Pediatric breath analysis for sepsis detection
Measuring 13C isotope levels in the breath of pediatric patients could give an early indication of sepsis.
Daniel Bütz and colleagues at the University of Wisconsin-Madison (WI, USA) are carrying out a study to detect sepsis by measuring 13C isotope levels in the breath of pediatric patients. Existing diagnostic tests for sepsis either lack sensitivity for early detection or are expensive and invasive; this type of breath test could save lives by giving an early indication of the condition, while also being less invasive for the patient.
The researchers state, “Breath-based markers, such as the carbon isotope breath delta value (BDV), may serve as better infection surveillance tools since they can be easily and non-invasively monitored.” They go on to explain the purpose of this initial study, “The purpose of this observational pilot study was to determine the baseline variability of exhaled BDVs in a population of mechanically ventilated pediatric patients and to correlate the trends in BDV over time with the severity of inflammation and clinical course.”

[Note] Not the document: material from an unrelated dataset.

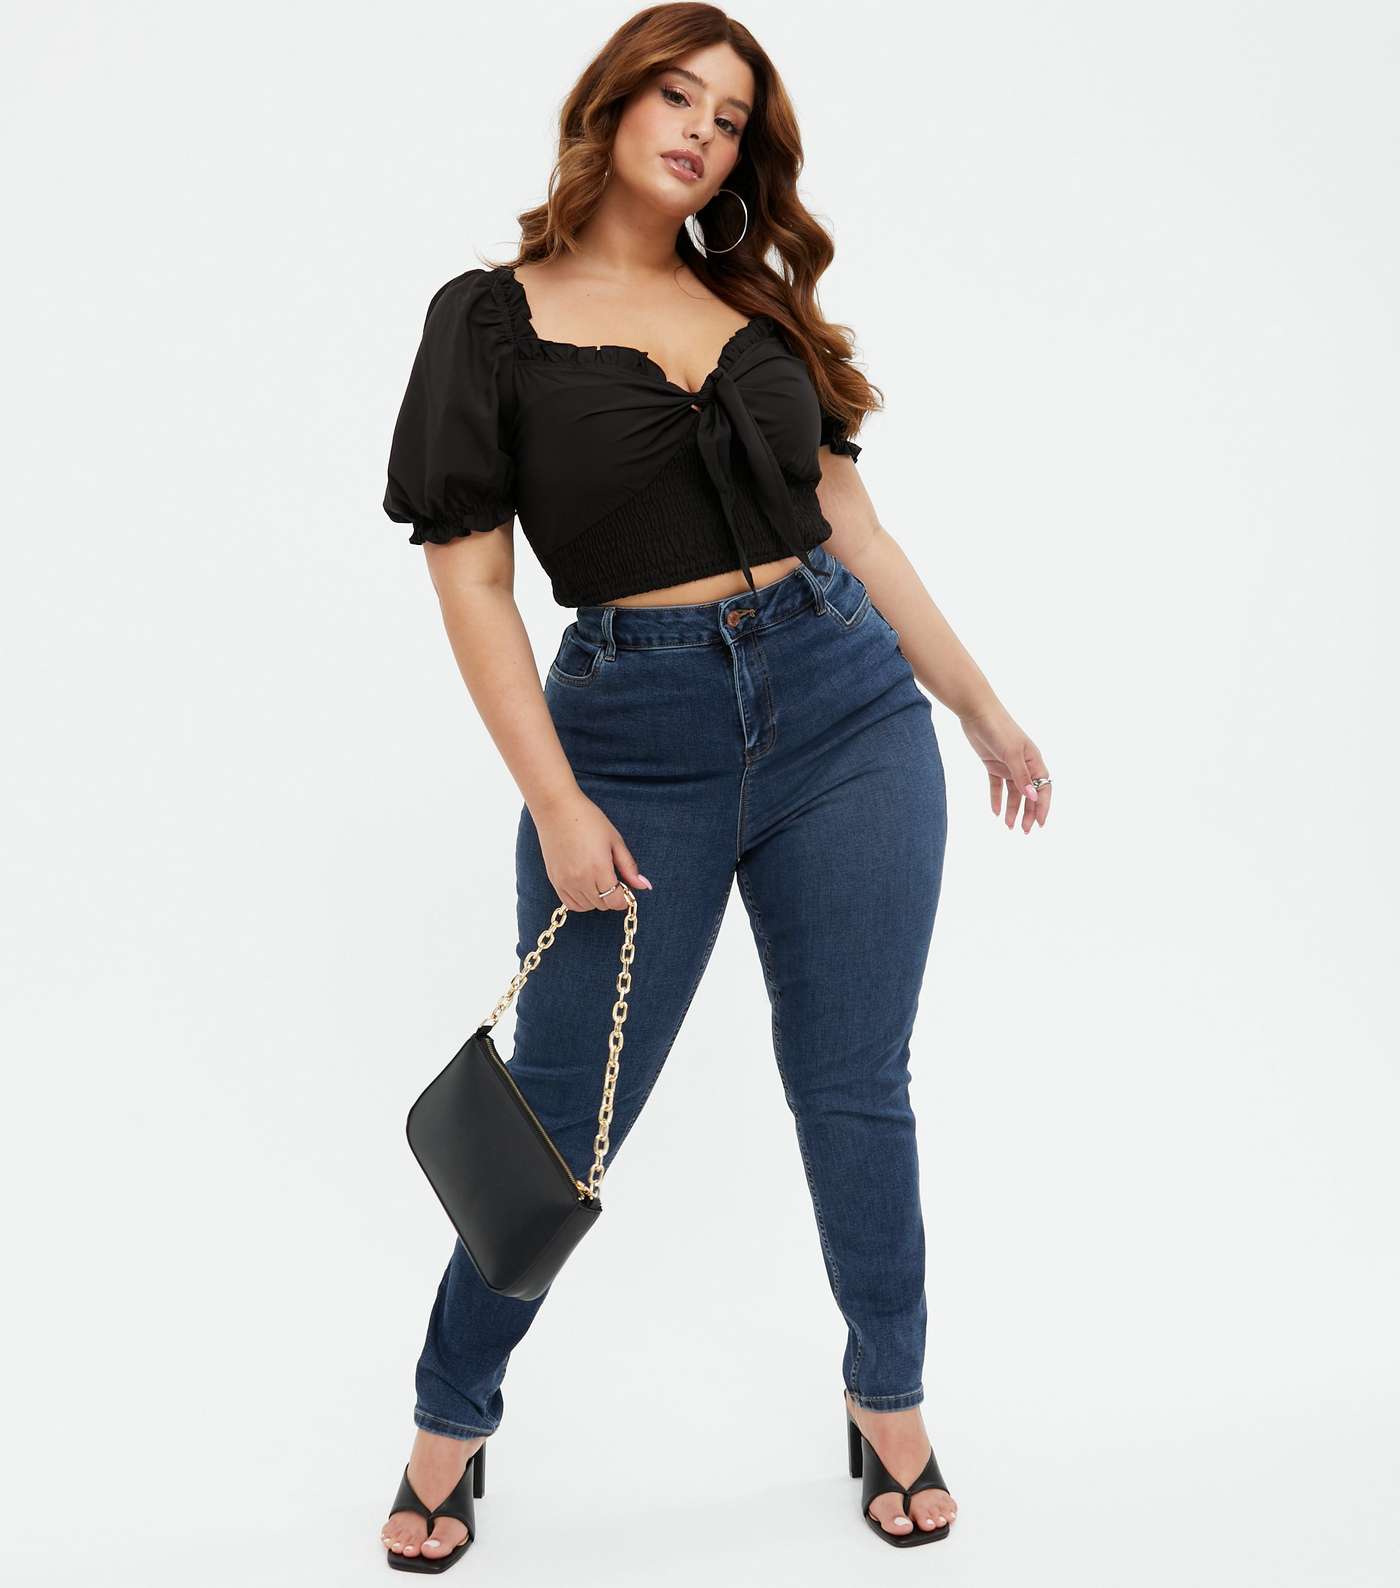 Urban Bliss Curves Black Shirred Tie Front Crop Top Image 2

The BDV measurement works in the following way: a lipid’s isotopic signature is lighter than other macronutrients, meaning that if more lipids are metabolized then more 12C would be present in the exhaled CO2. However, in the case of sepsis, less lipid oxidation occurs and as such the 13CO2:12CO2 ratio increases.

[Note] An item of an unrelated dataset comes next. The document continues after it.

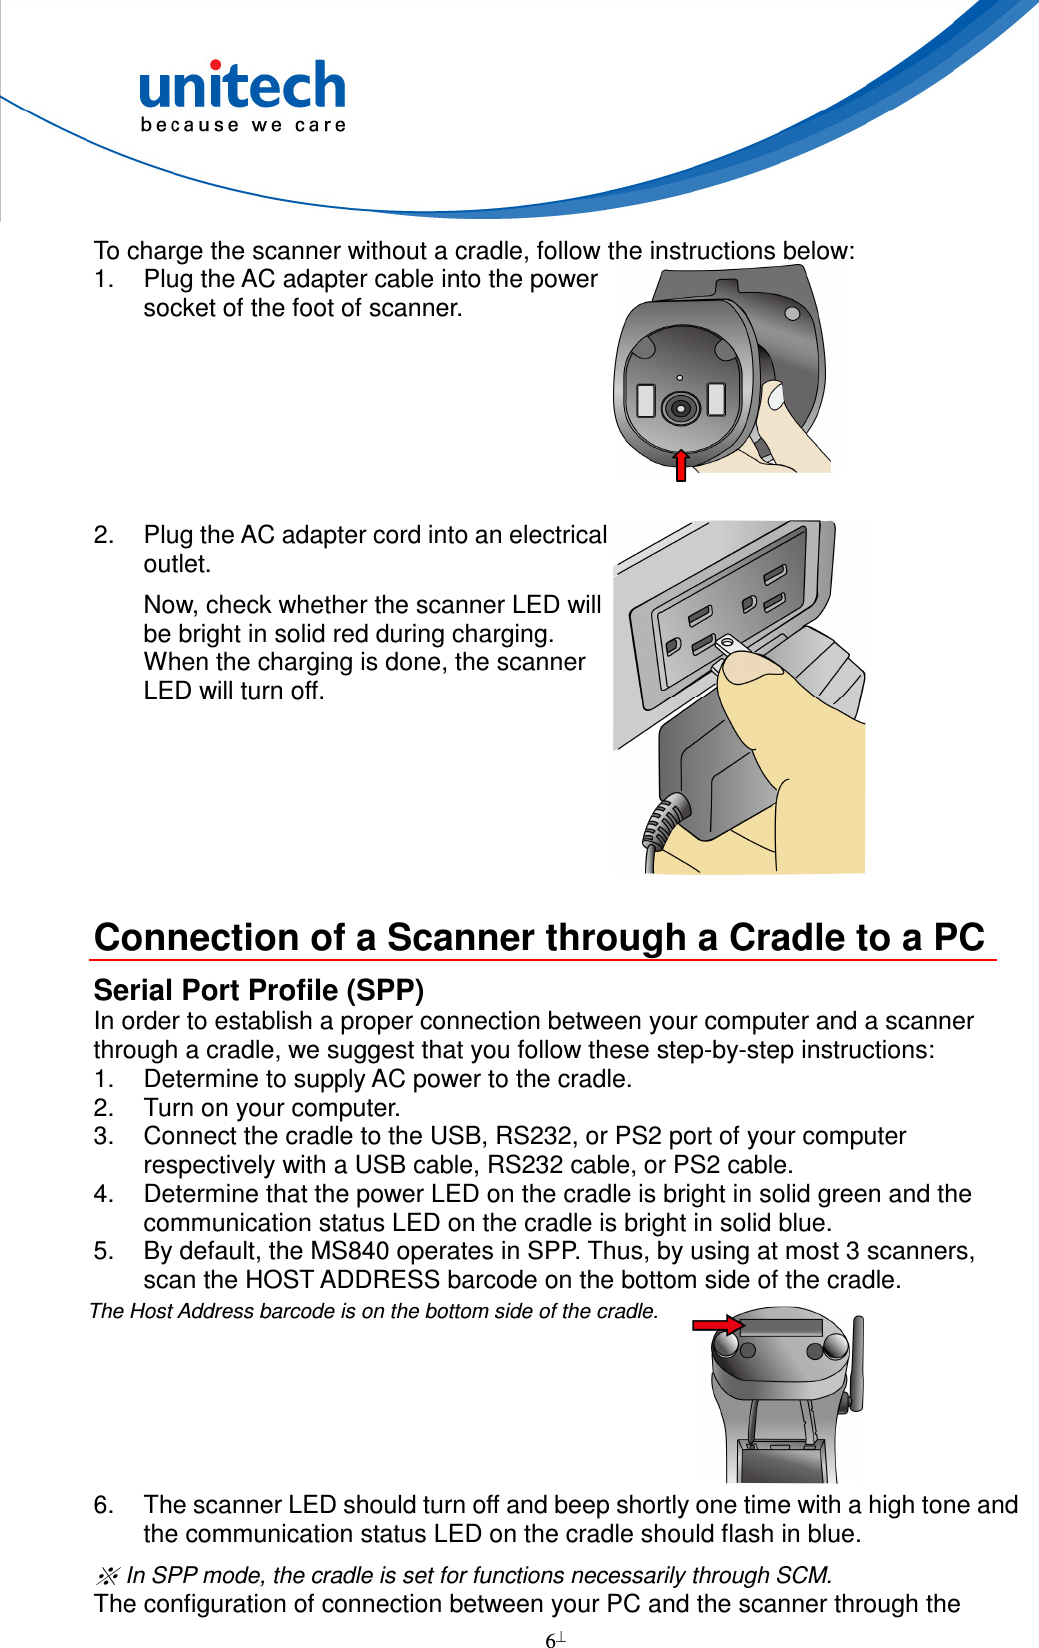  6  To charge the scanner without a cradle, follow the instructions below: 1.  Plug the AC adapter cable into the power socket of the foot of scanner.  2. Plug the AC adapter cord into an electrical outlet. Now, check whether the scanner LED will be bright in solid red during charging. When the charging is done, the scanner LED will turn off.   Connection of a Scanner through a Cradle to a PC Serial Port Profile (SPP) In order to establish a proper connection between your computer and a scanner through a cradle, we suggest that you follow these step-by-step instructions: 1.  Determine to supply AC power to the cradle. 2.  Turn on your computer. 3.  Connect the cradle to the USB, RS232, or PS2 port of your computer respectively with a USB cable, RS232 cable, or PS2 cable. 4.  Determine that the power LED on the cradle is bright in solid green and the communication status LED on the cradle is bright in solid blue. 5.  By default, the MS840 operates in SPP. Thus, by using at most 3 scanners, scan the HOST ADDRESS barcode on the bottom side of the cradle.        6.  The scanner LED should turn off and beep shortly one time with a high tone and the communication status LED on the cradle should flash in blue.  In SPP mode, the cradle is set for functions necessarily through SCM. The configuration of connection between your PC and the scanner through the The Host Address barcode is on the bottom side of the cradle.

The group of researchers measured CO2 breath ratios every 8 hours for 72 hours in 17 mechanically ventilated pediatric patients. They were able to correlate the BDV (13CO2:12CO2) breath ratio with the severity of their systemic inflammation, specifically their acute phase response.
Source: Boriosi JP, Maki DG, Yngsdal-Krenzet RA et al. Changes in breath carbon isotope composition as a potential biomarker of inflammatory acute phase response in mechanically ventilated pediatric patients. J. Anal. At. Spectrom. doi: 10.1039/c3ja50331c (2014) (Epub ahead of print).